Stored data section start

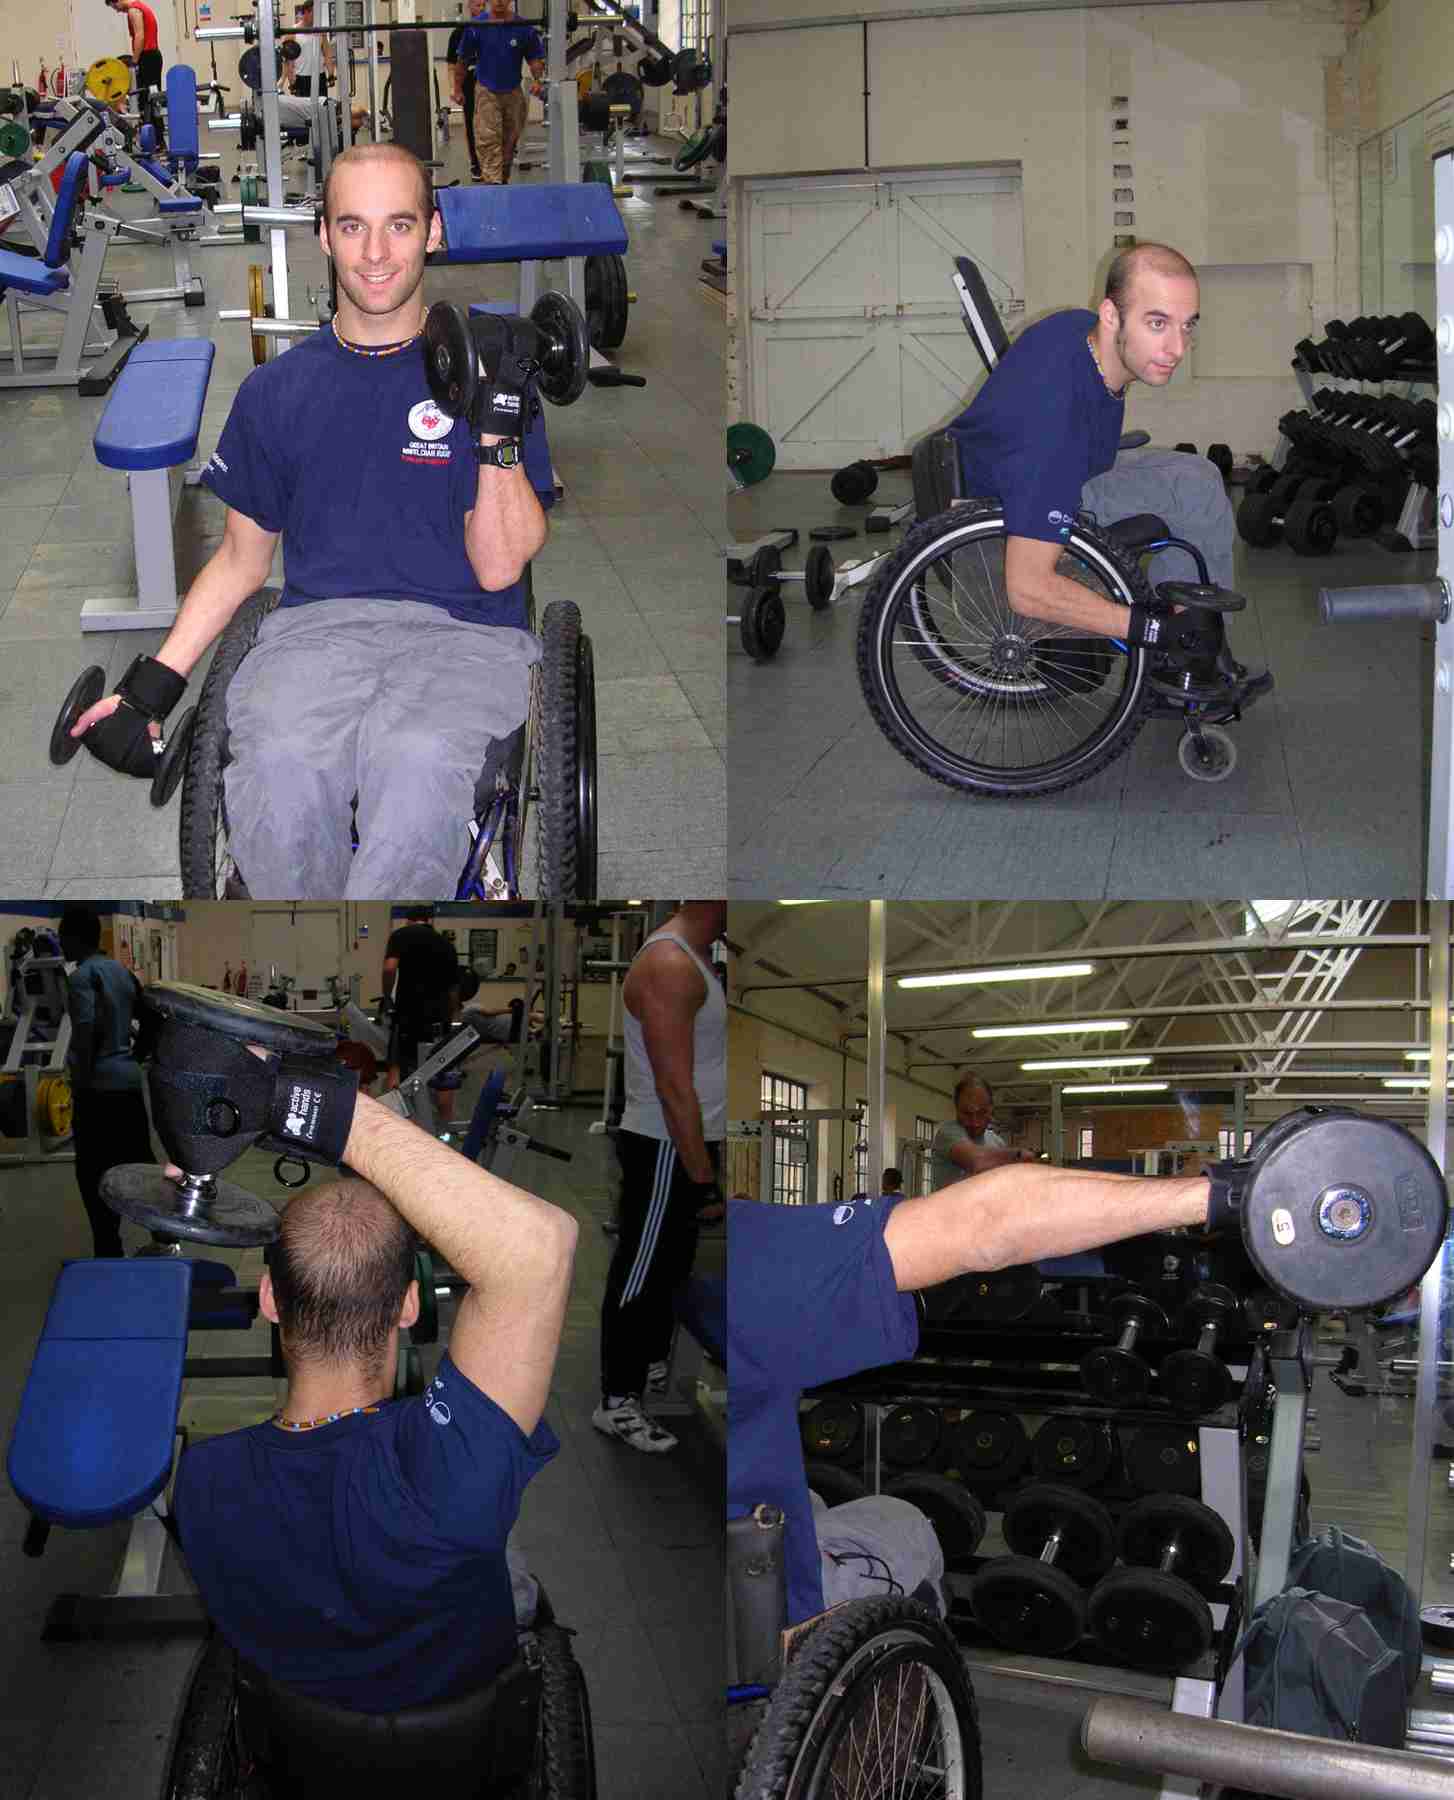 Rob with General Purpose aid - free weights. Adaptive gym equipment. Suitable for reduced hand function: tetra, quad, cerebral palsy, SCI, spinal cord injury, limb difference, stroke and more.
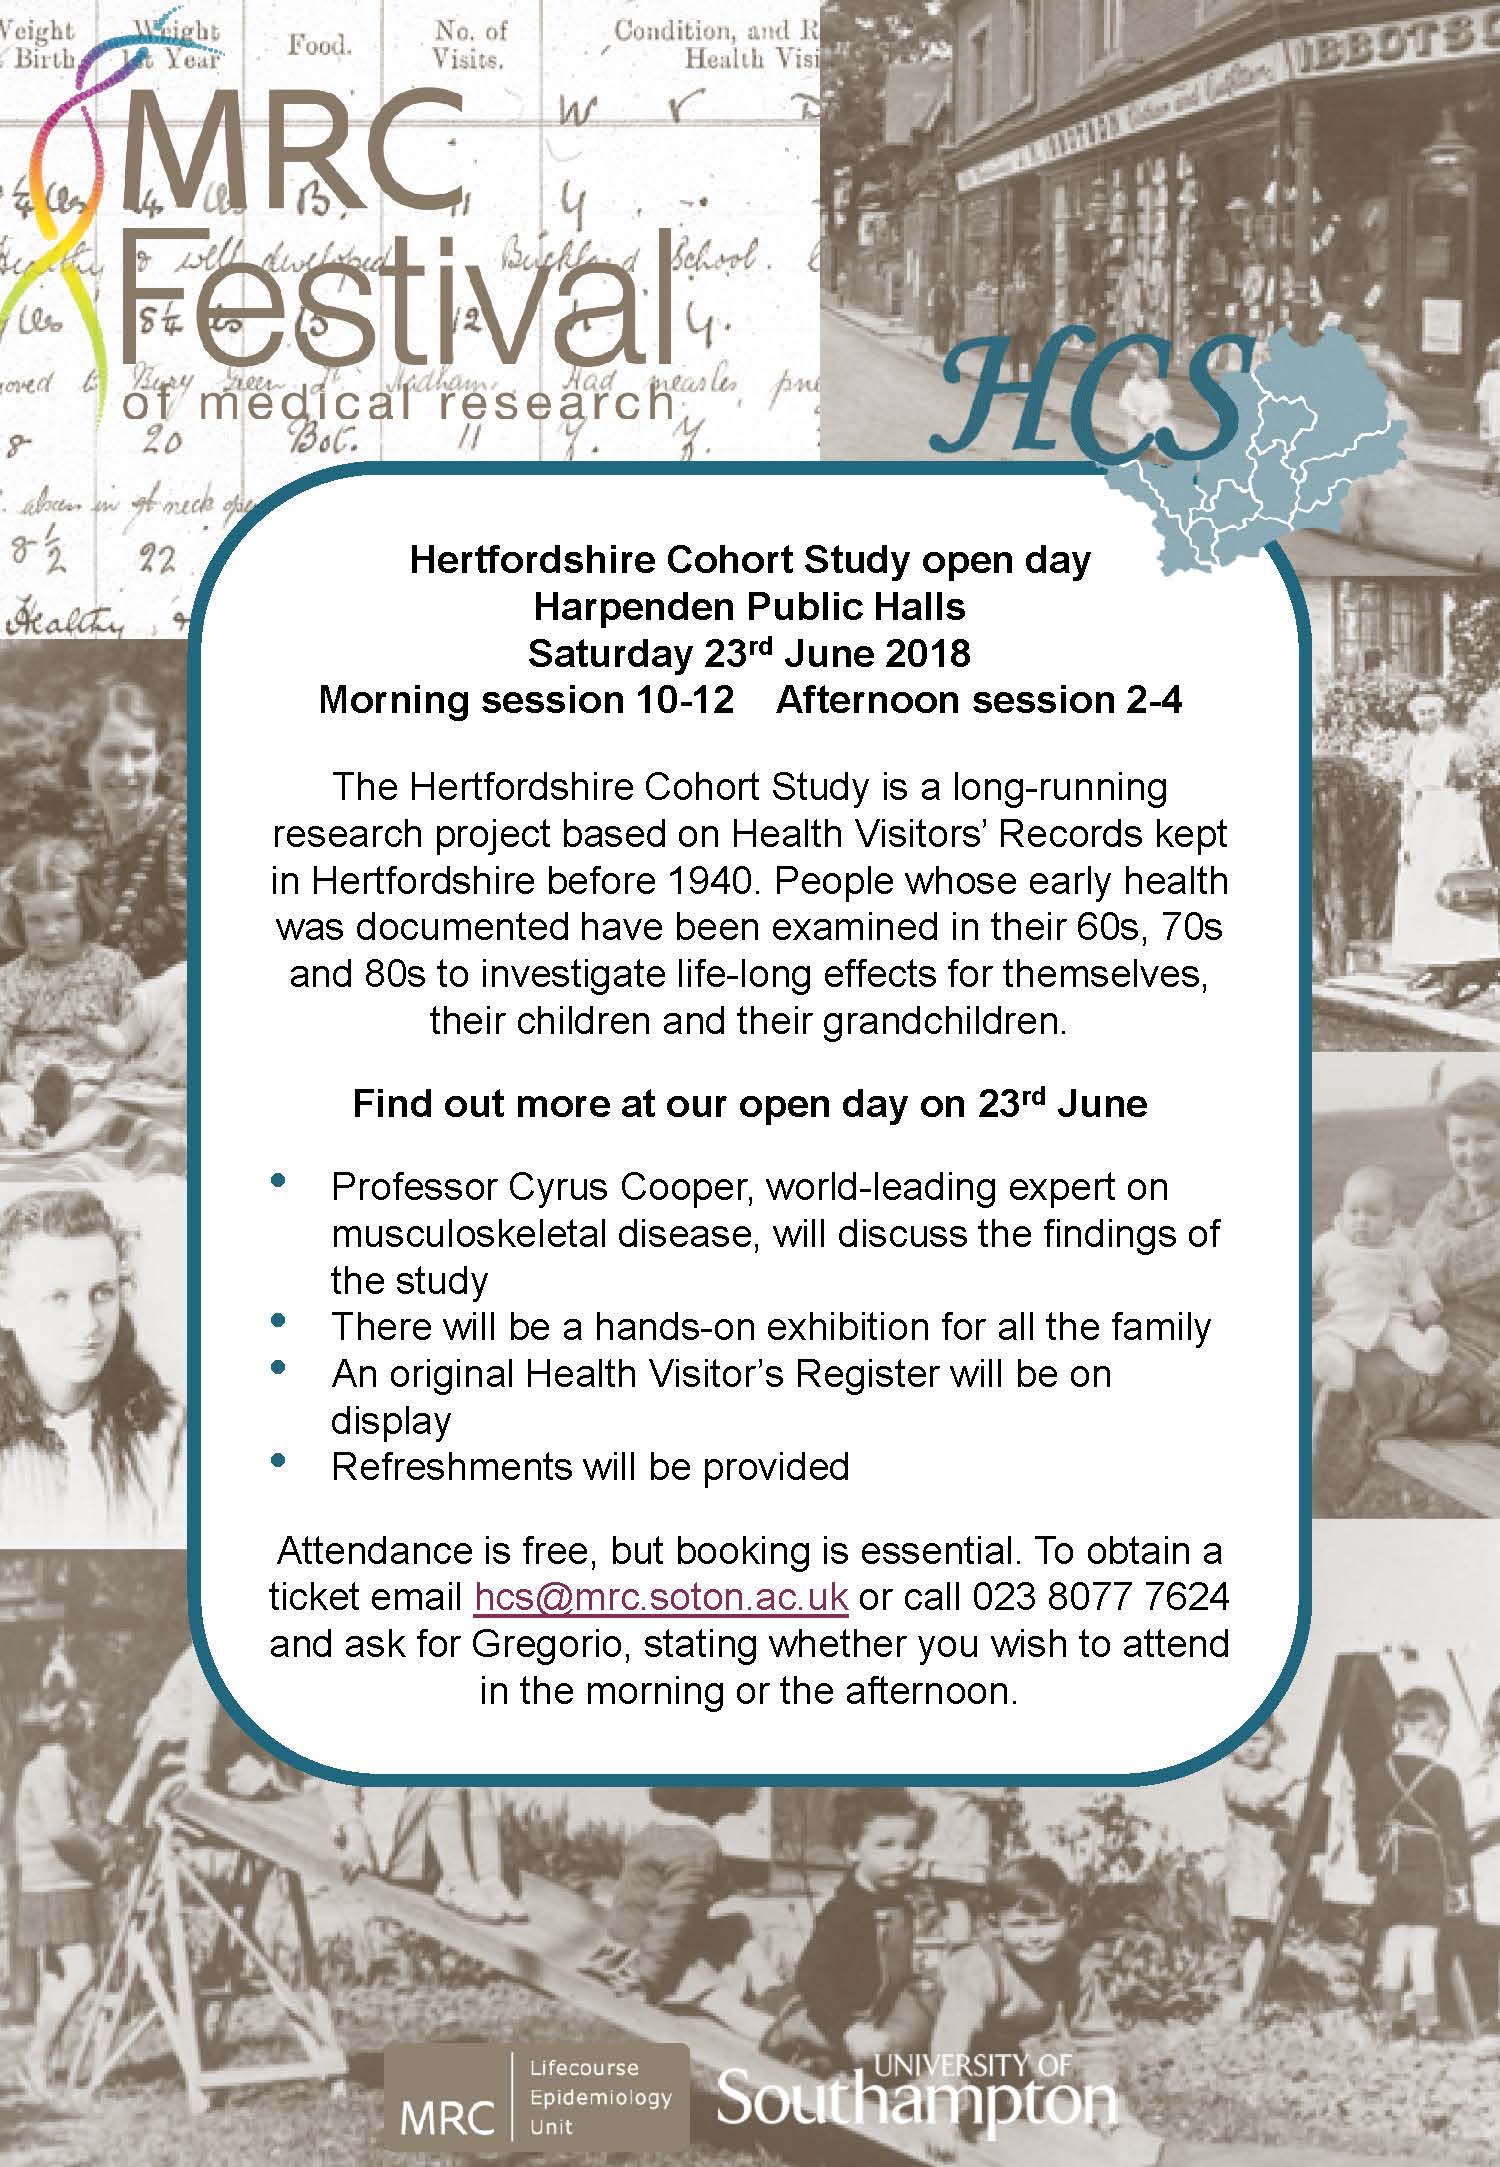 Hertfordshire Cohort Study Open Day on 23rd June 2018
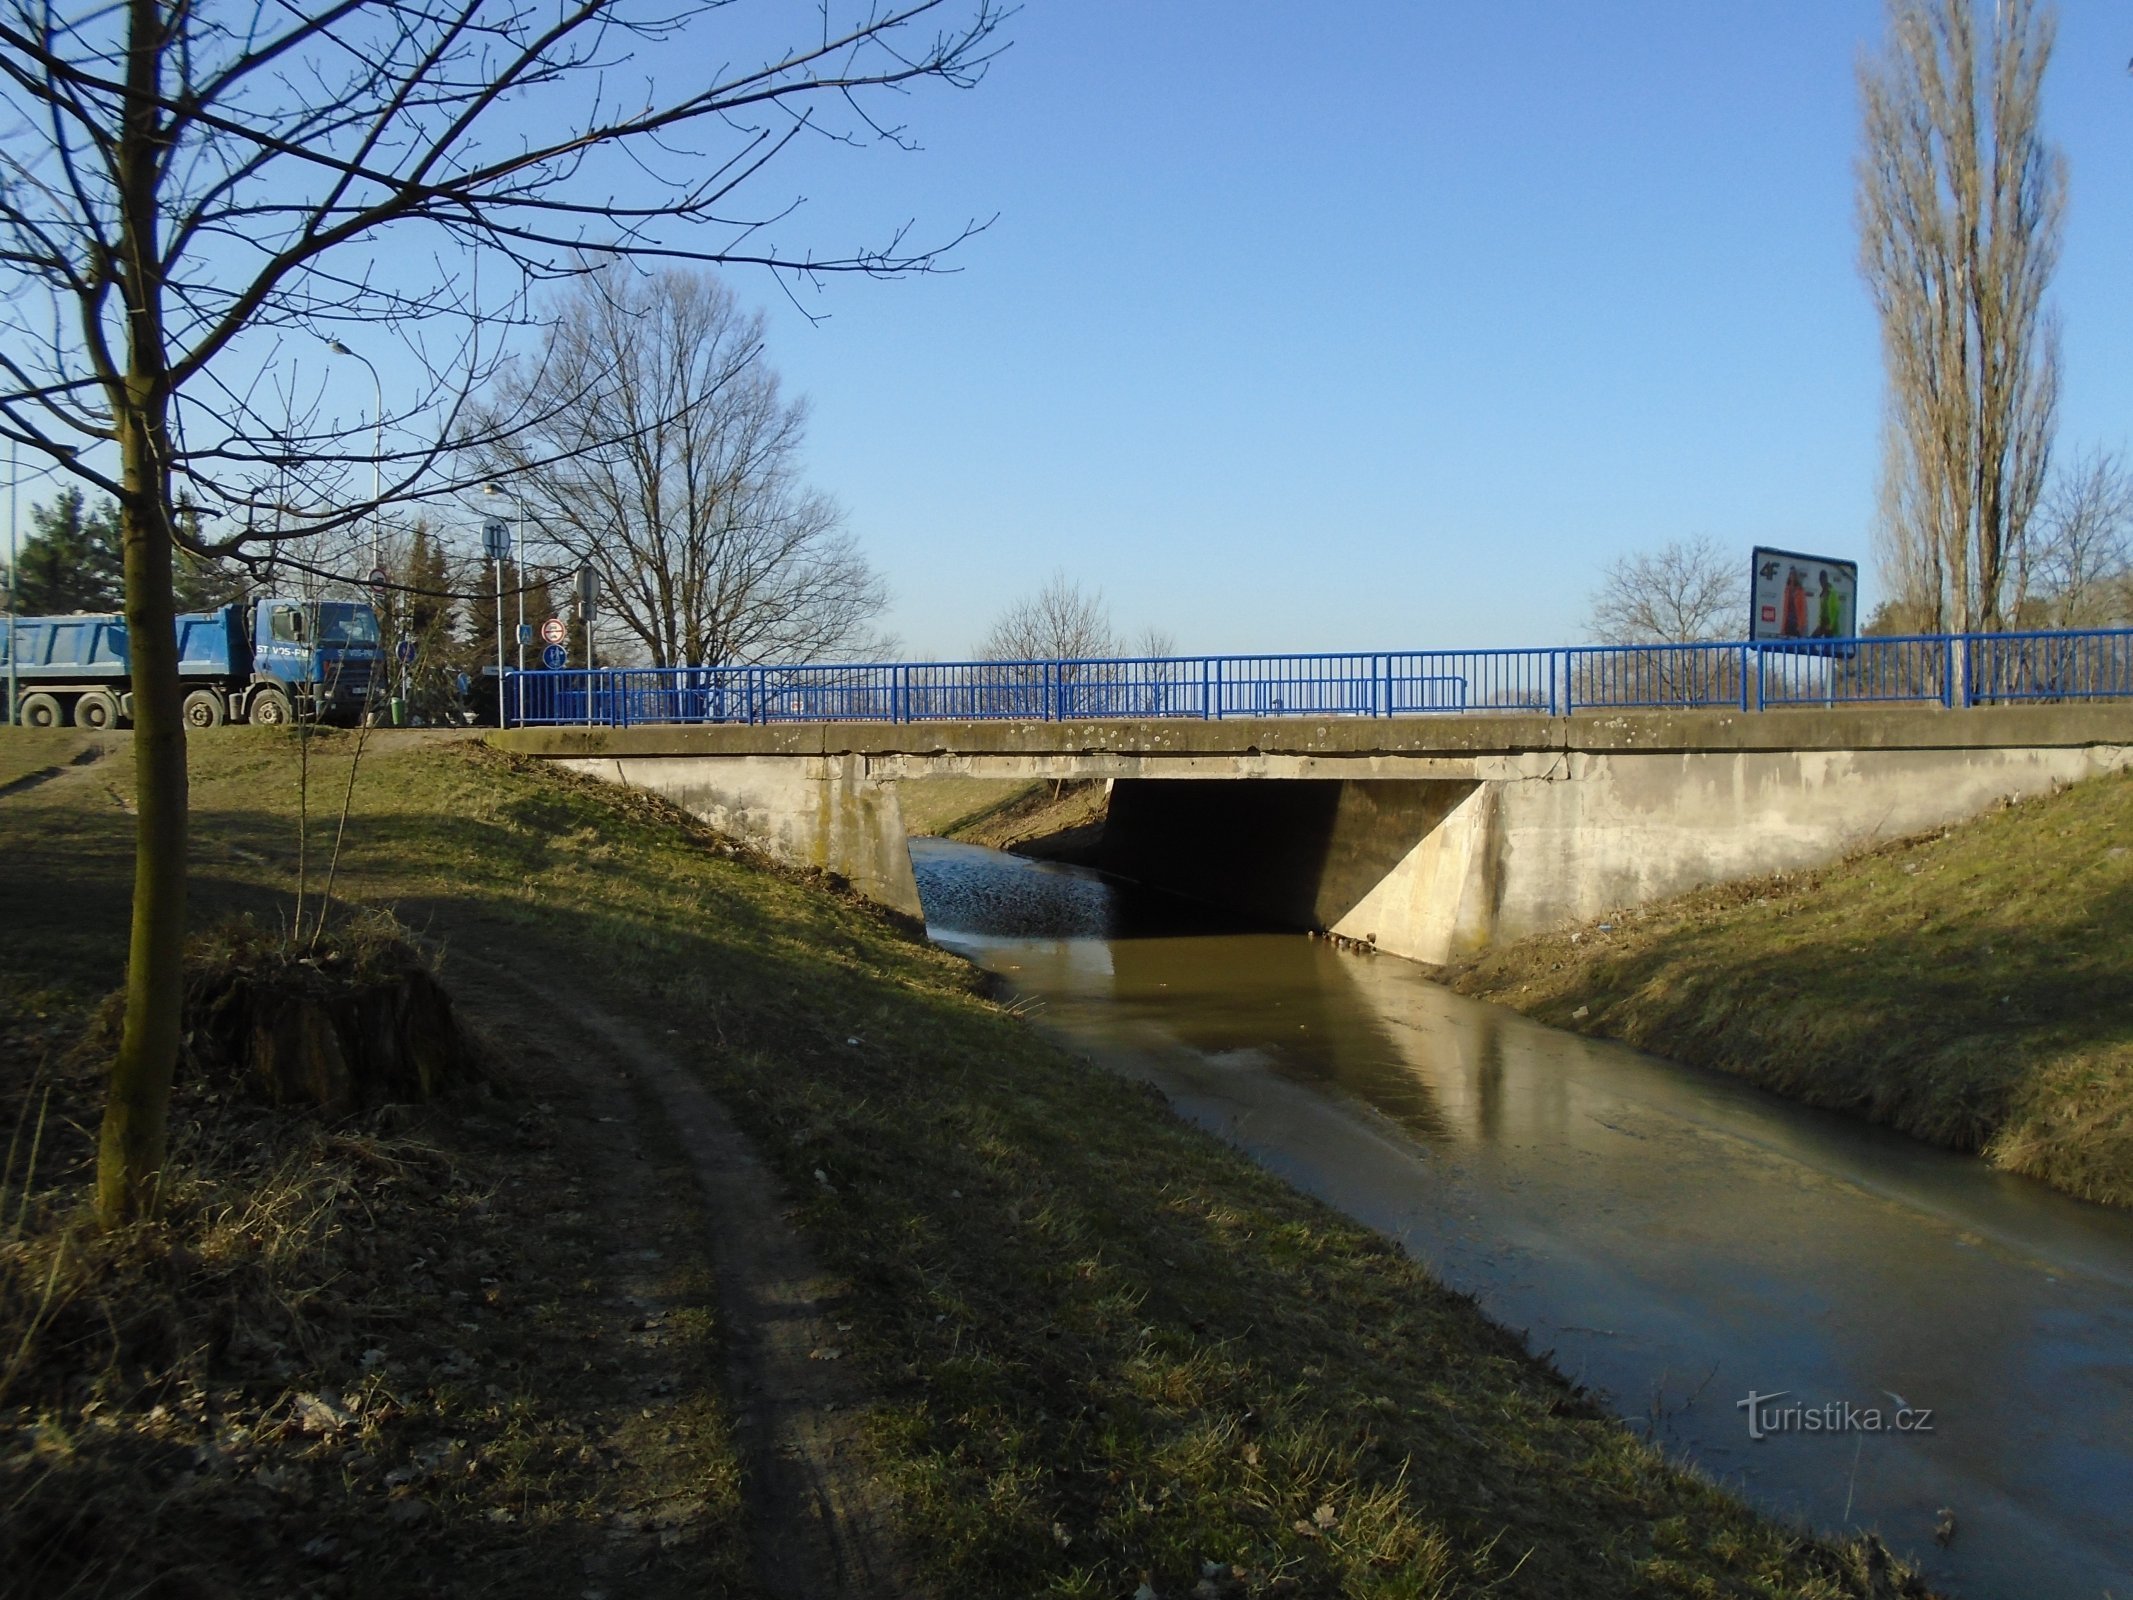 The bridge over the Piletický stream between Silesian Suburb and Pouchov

Stored data section end

▶ [Problem requirements] The answer must be the full listing retyped exactly, with no pictures in it.

▶ [The answer]
 Rob with General Purpose aid - free weights. Adaptive gym equipment. Suitable for reduced hand function: tetra, quad, cerebral palsy, SCI, spinal cord injury, limb difference, stroke and more.
 Hertfordshire Cohort Study Open Day on 23rd June 2018
 The bridge over the Piletický stream between Silesian Suburb and Pouchov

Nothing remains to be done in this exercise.